Oyster Bay public employee union to vote on leadership Friday
The town of Oyster Bay’s public sector union elections on Friday will decide whether members give its leadership another chance after agreeing to an unpopular contract.
While negotiations were going on in the fall, Civil Service Employees Association Local 881 President Jarvis Brown said he was focused on saving jobs in the face of a layoff threat. But in an interview earlier this month he acknowledged some members had been unhappy with the results.
“I took a beating through these contract negotiations,” Brown said in the interview. “I’ve been beaten up enough.”
Brown declined to talk about the elections in that interview and did not respond to requests for comment on Monday.
Union members will be voting for president as well as for officers.

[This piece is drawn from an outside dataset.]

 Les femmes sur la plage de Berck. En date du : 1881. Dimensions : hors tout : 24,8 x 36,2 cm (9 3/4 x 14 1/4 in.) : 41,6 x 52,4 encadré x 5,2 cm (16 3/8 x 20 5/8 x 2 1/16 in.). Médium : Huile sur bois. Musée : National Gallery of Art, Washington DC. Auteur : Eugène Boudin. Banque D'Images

The contract deal that was agreed to in January — after the first vote had been delayed and then rejected in the fall — included a 2 percent pay cut and other concessions, including requiring new employees to pay into their health care.
Keith Wilson, a labor supervisor in the town clerk’s office who is running against Brown to lead the union, said Monday that his slate challenged the current leadership team to a debate but “they refused to debate us” and they will go ahead with a “meet the candidates” night on Thursday in Hicksville.

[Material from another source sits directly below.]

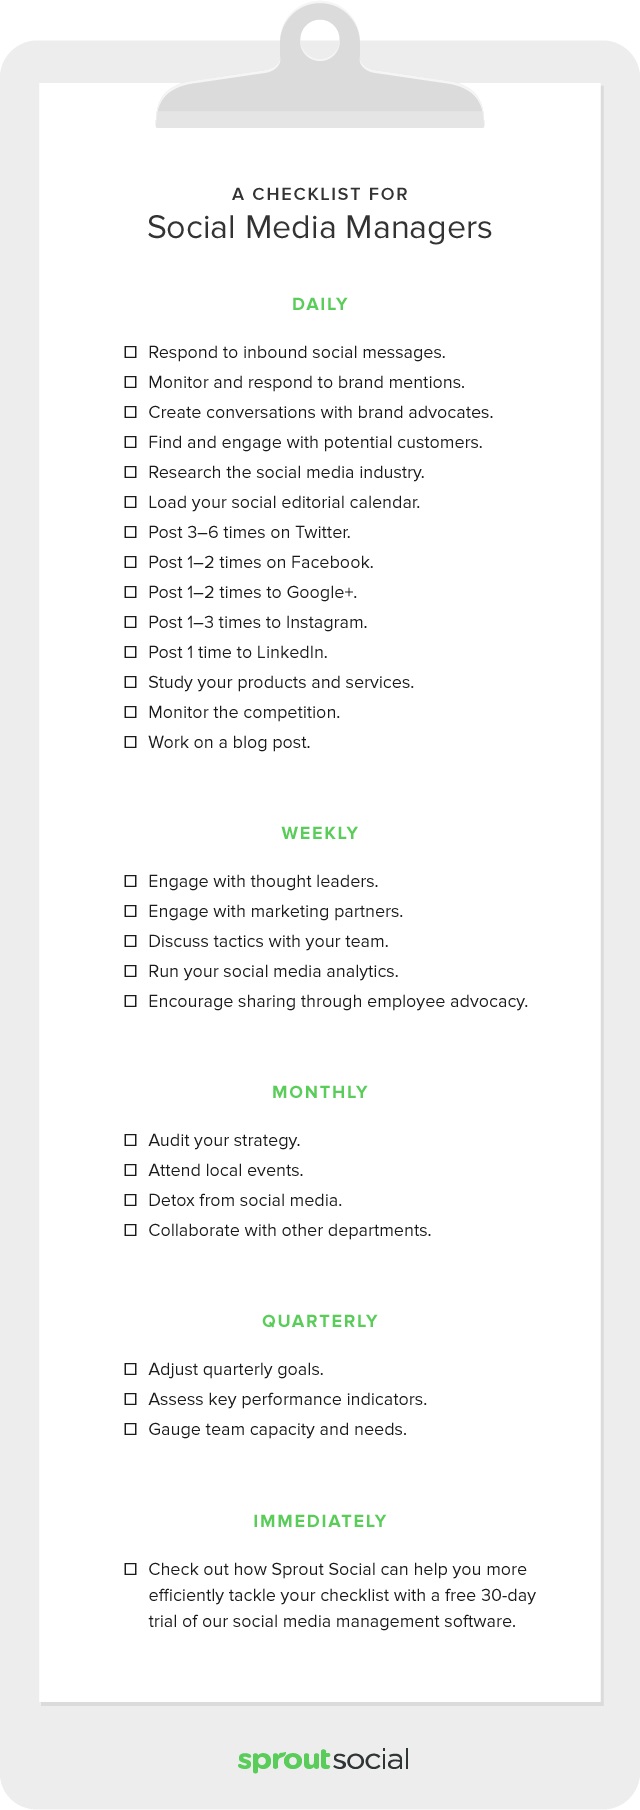 The 25 Step Social Media Checklist

Wilson said in an interview last week that the union leadership hadn’t done enough to protect the workers.
“The contract that was agreed upon should have been a zero increase, not a 2 percent give back,” Wilson said. Brown and his team “should have held out maybe and stood more firm and see what could have been done in a different way.”

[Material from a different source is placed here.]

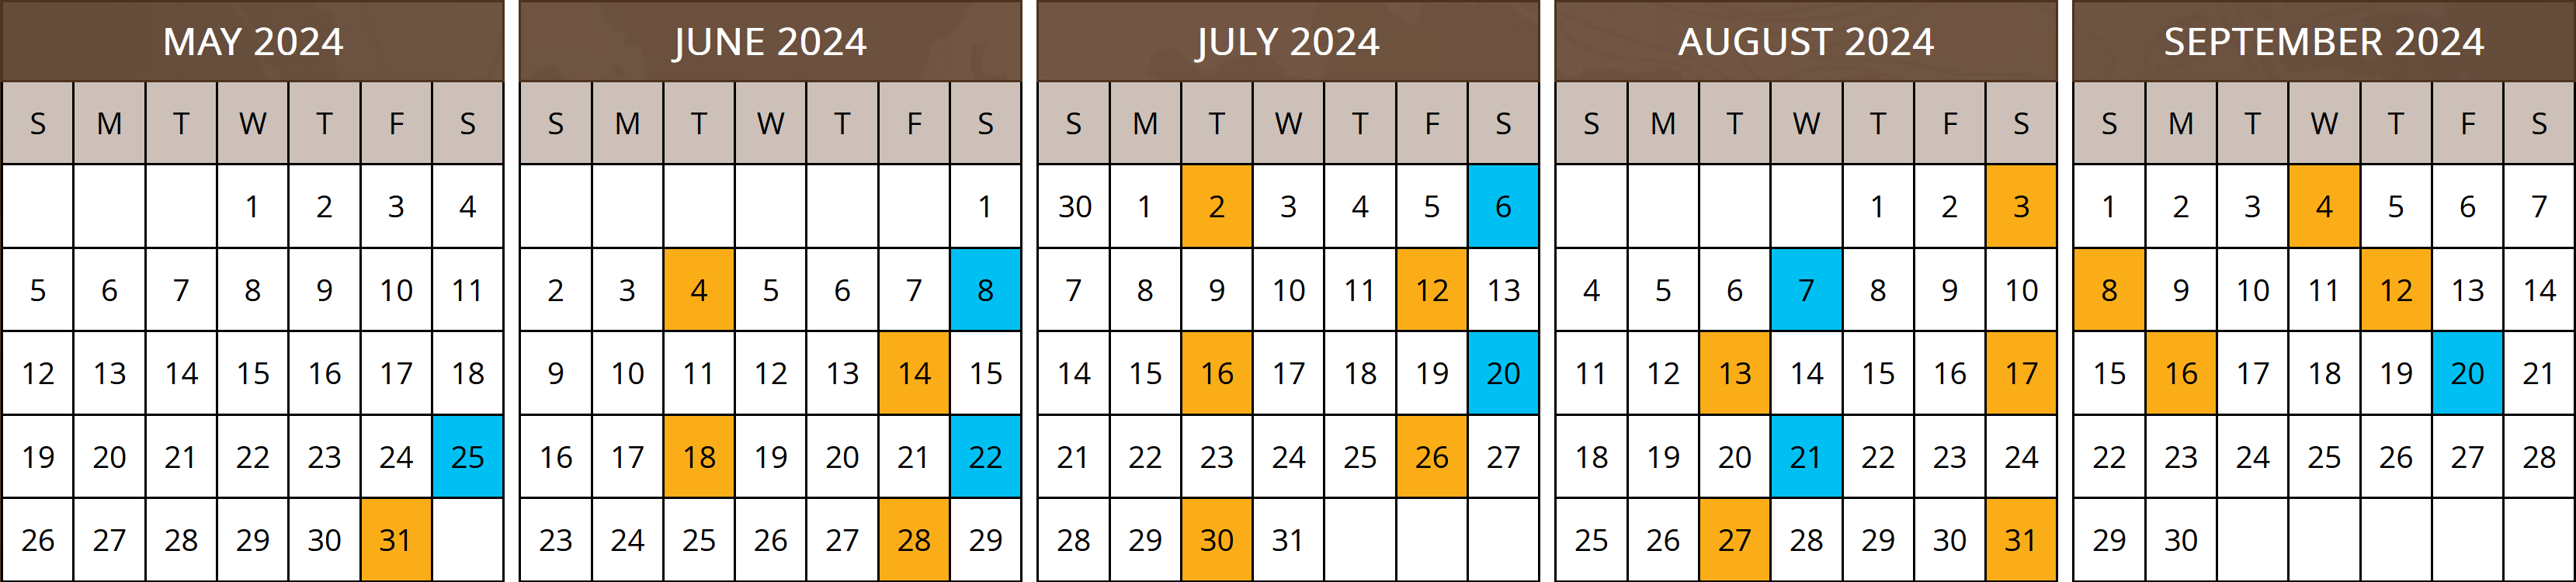 2024 Departure Dates

When former Town Supervisor John Venditto threatened last year to lay off 150 workers in 2017, both town officials and Brown said a no-layoff clause in their contract would have expired. Newsday reported at the time that legal experts disputed that it would have expired under state law. Wilson said it should have been challenged in court.
Town Supervisor Joseph Saladino’s administration, which inherited the contract when Saladino was appointed on Jan. 31, hasn’t taken a position on the elections.